• Task prompt
Using the listing below, copy exactly each line from the one that has "- 3 февраля" through the one that has "Con look relajado"; omit the pictures.

• Record extracts
▬▬▬

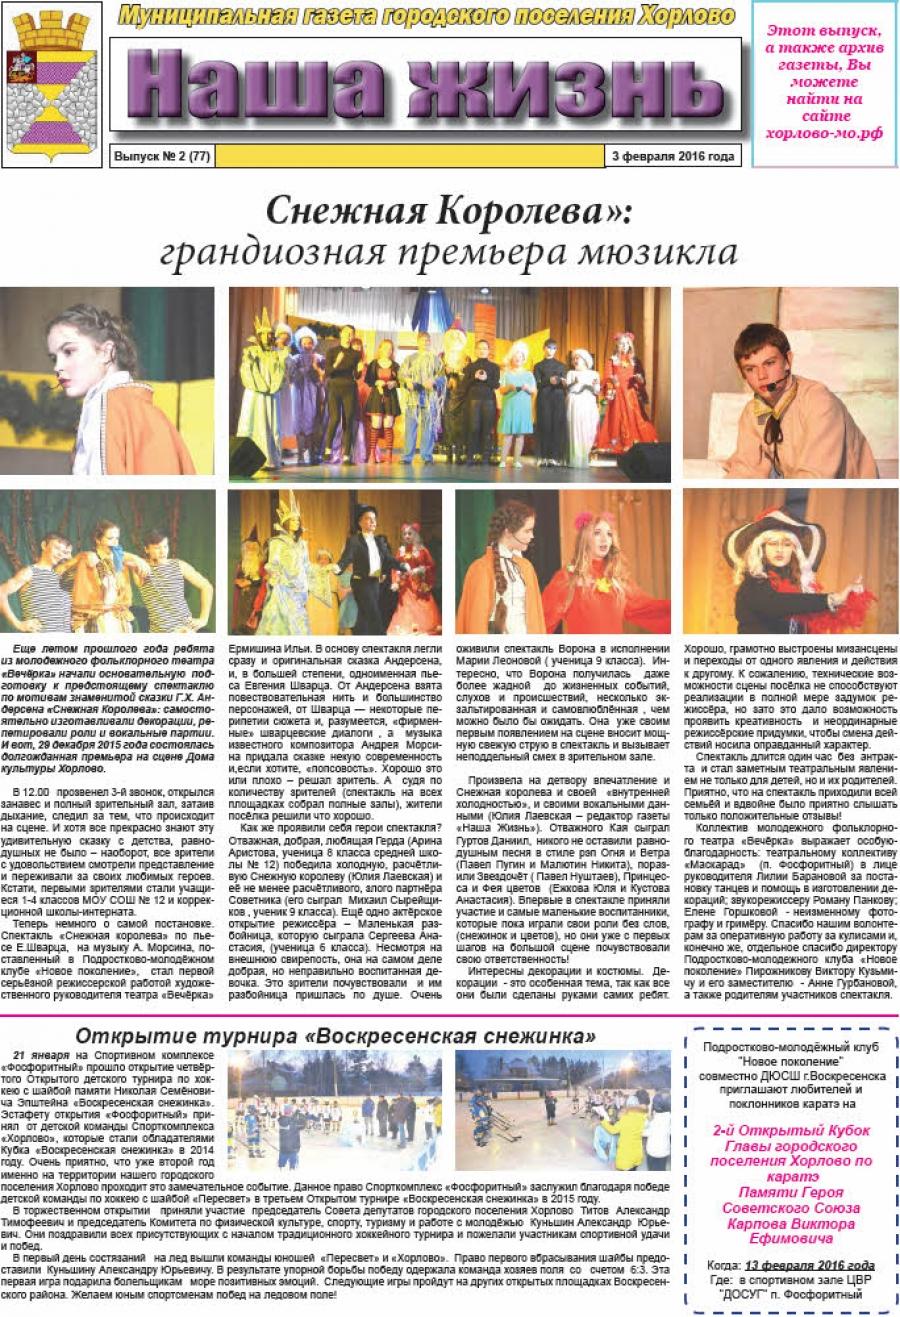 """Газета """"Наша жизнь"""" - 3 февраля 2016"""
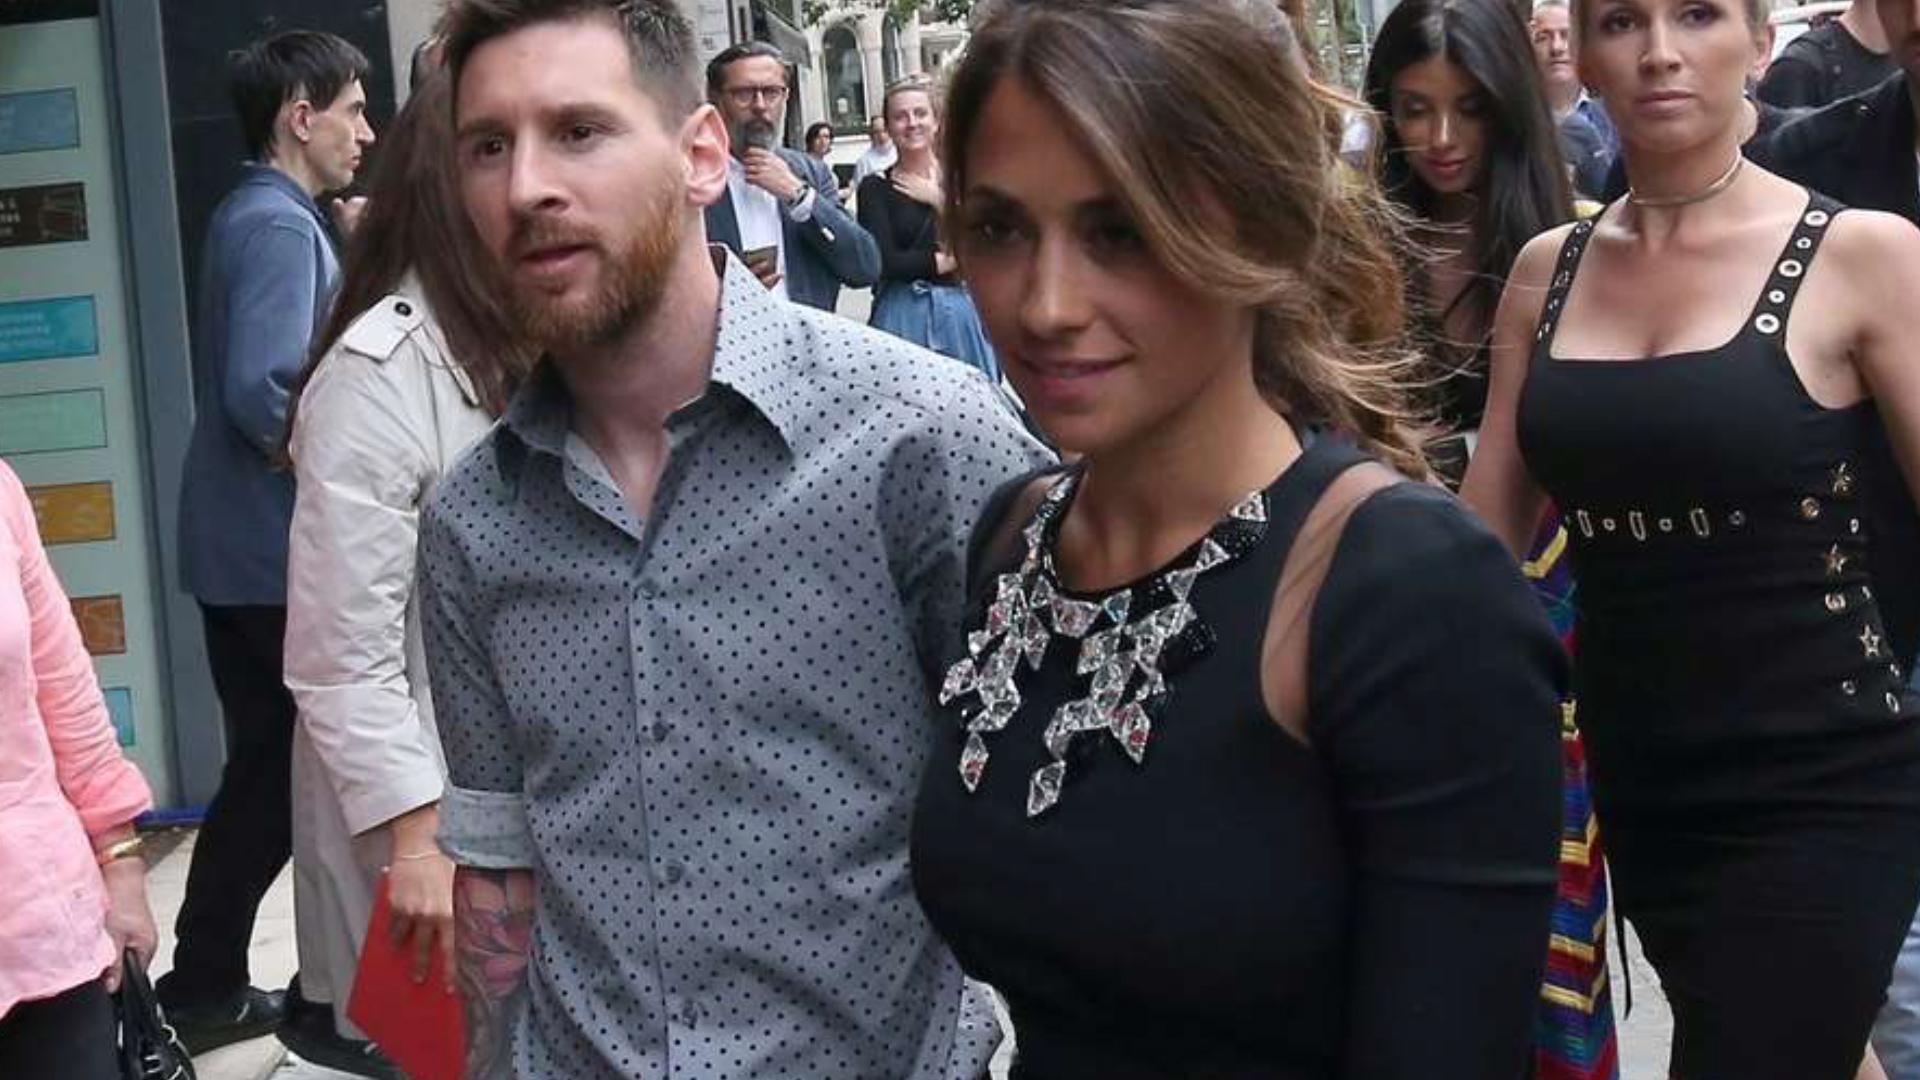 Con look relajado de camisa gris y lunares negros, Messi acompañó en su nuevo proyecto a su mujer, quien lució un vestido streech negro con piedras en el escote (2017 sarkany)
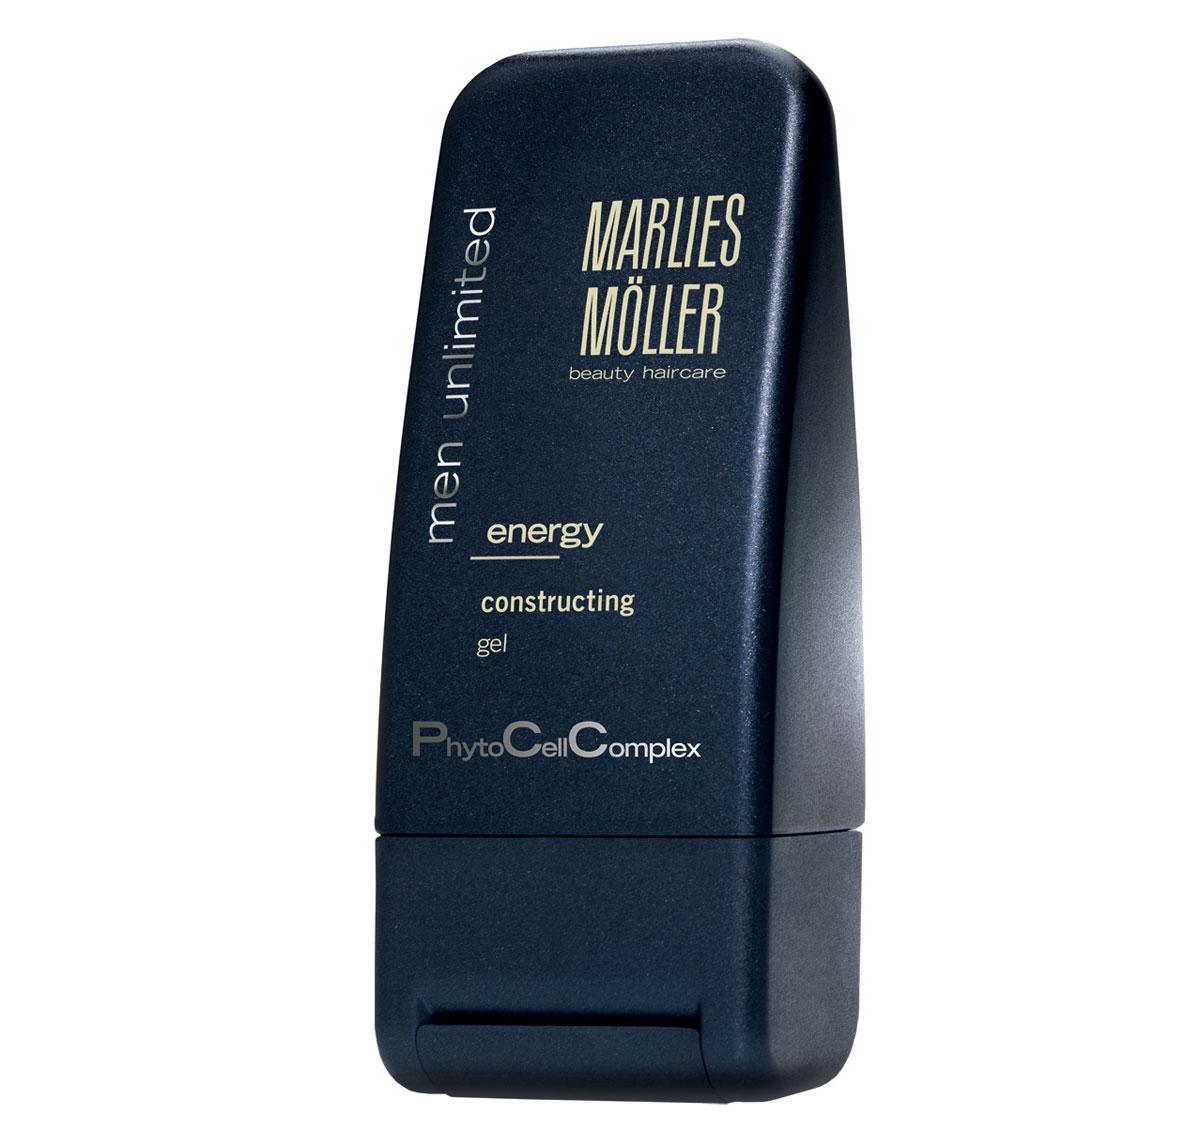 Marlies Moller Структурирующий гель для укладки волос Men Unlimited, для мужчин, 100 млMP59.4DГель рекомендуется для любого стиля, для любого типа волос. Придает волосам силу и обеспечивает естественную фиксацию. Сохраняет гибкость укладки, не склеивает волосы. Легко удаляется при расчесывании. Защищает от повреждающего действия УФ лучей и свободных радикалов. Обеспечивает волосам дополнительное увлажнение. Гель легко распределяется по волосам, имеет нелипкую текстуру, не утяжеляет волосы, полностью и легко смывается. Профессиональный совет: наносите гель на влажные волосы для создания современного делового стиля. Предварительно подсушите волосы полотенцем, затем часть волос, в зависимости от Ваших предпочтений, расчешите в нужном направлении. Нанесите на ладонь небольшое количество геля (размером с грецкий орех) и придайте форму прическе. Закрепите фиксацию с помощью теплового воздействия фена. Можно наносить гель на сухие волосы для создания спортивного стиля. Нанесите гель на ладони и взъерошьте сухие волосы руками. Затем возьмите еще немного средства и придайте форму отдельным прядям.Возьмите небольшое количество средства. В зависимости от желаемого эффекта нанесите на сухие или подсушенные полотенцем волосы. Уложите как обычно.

▬▬▬

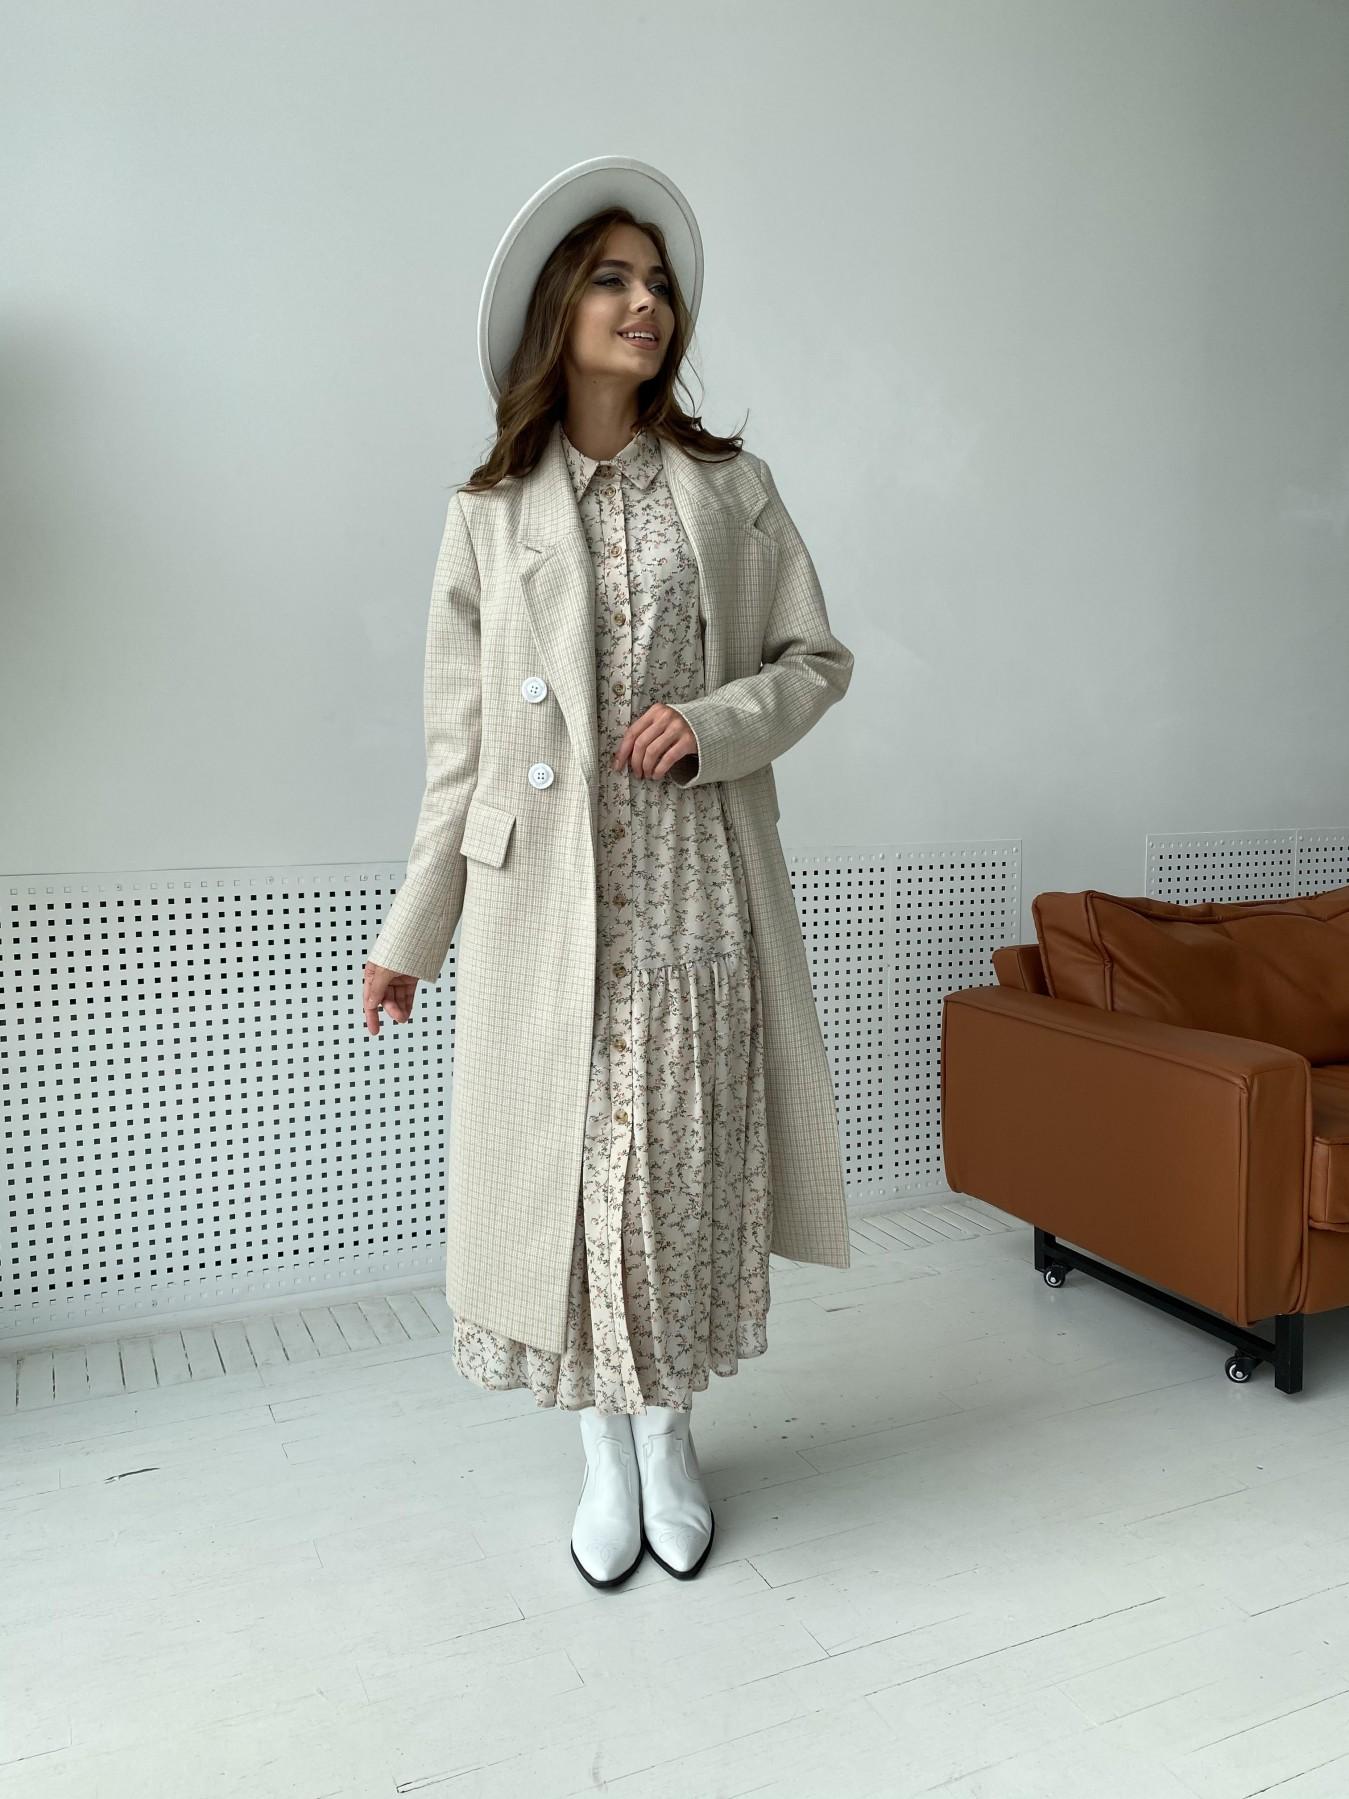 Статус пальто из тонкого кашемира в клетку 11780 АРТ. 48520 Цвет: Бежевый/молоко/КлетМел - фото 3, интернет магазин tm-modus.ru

▬▬▬

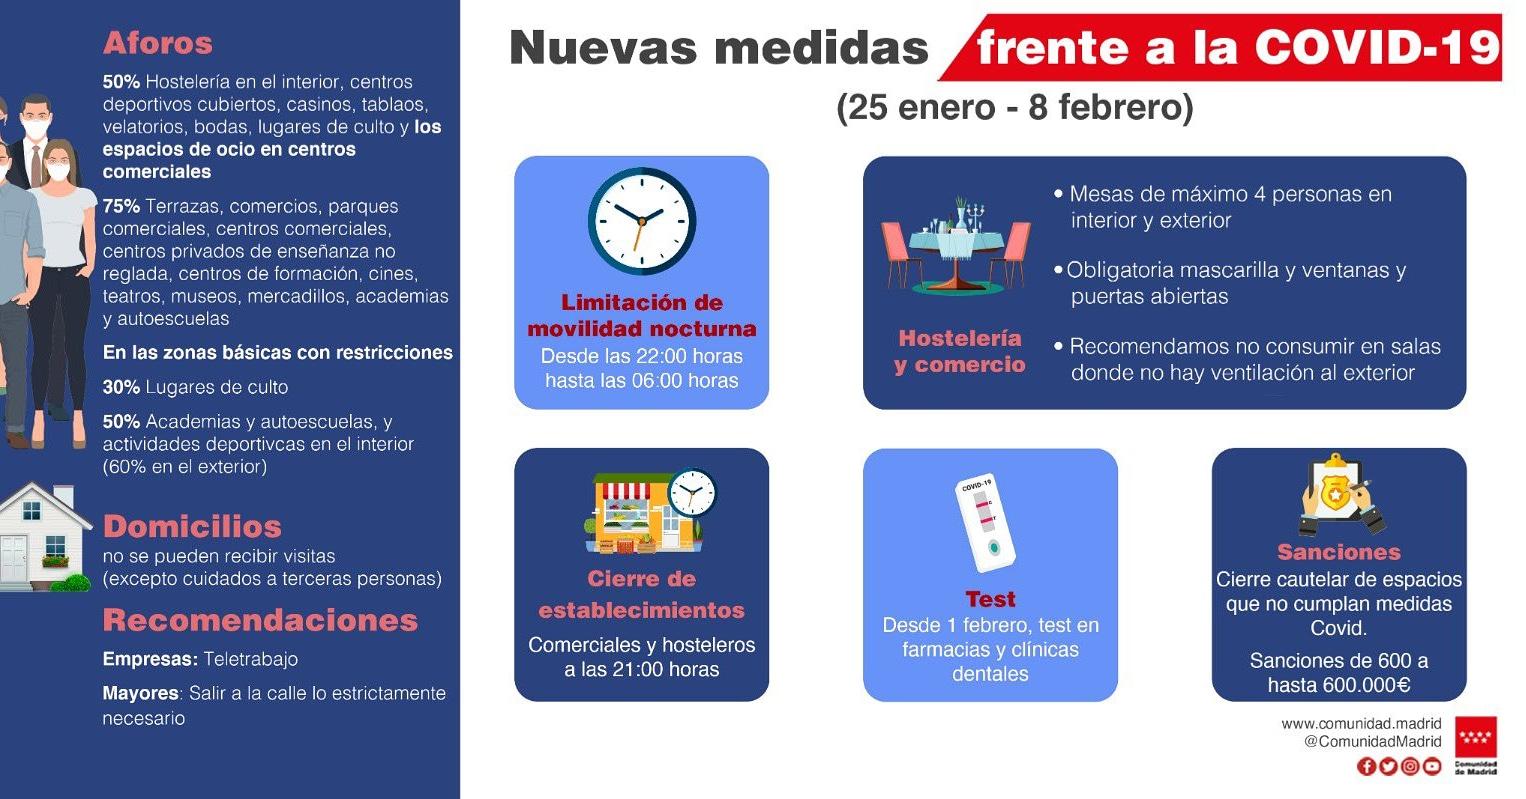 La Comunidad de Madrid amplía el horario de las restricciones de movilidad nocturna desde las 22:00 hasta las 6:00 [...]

▬▬▬

• Answer box
 """Газета """"Наша жизнь"""" - 3 февраля 2016"""
 Con look relajado de camisa gris y lunares negros, Messi acompañó en su nuevo proyecto a su mujer, quien lució un vestido streech negro con piedras en el escote (2017 sarkany)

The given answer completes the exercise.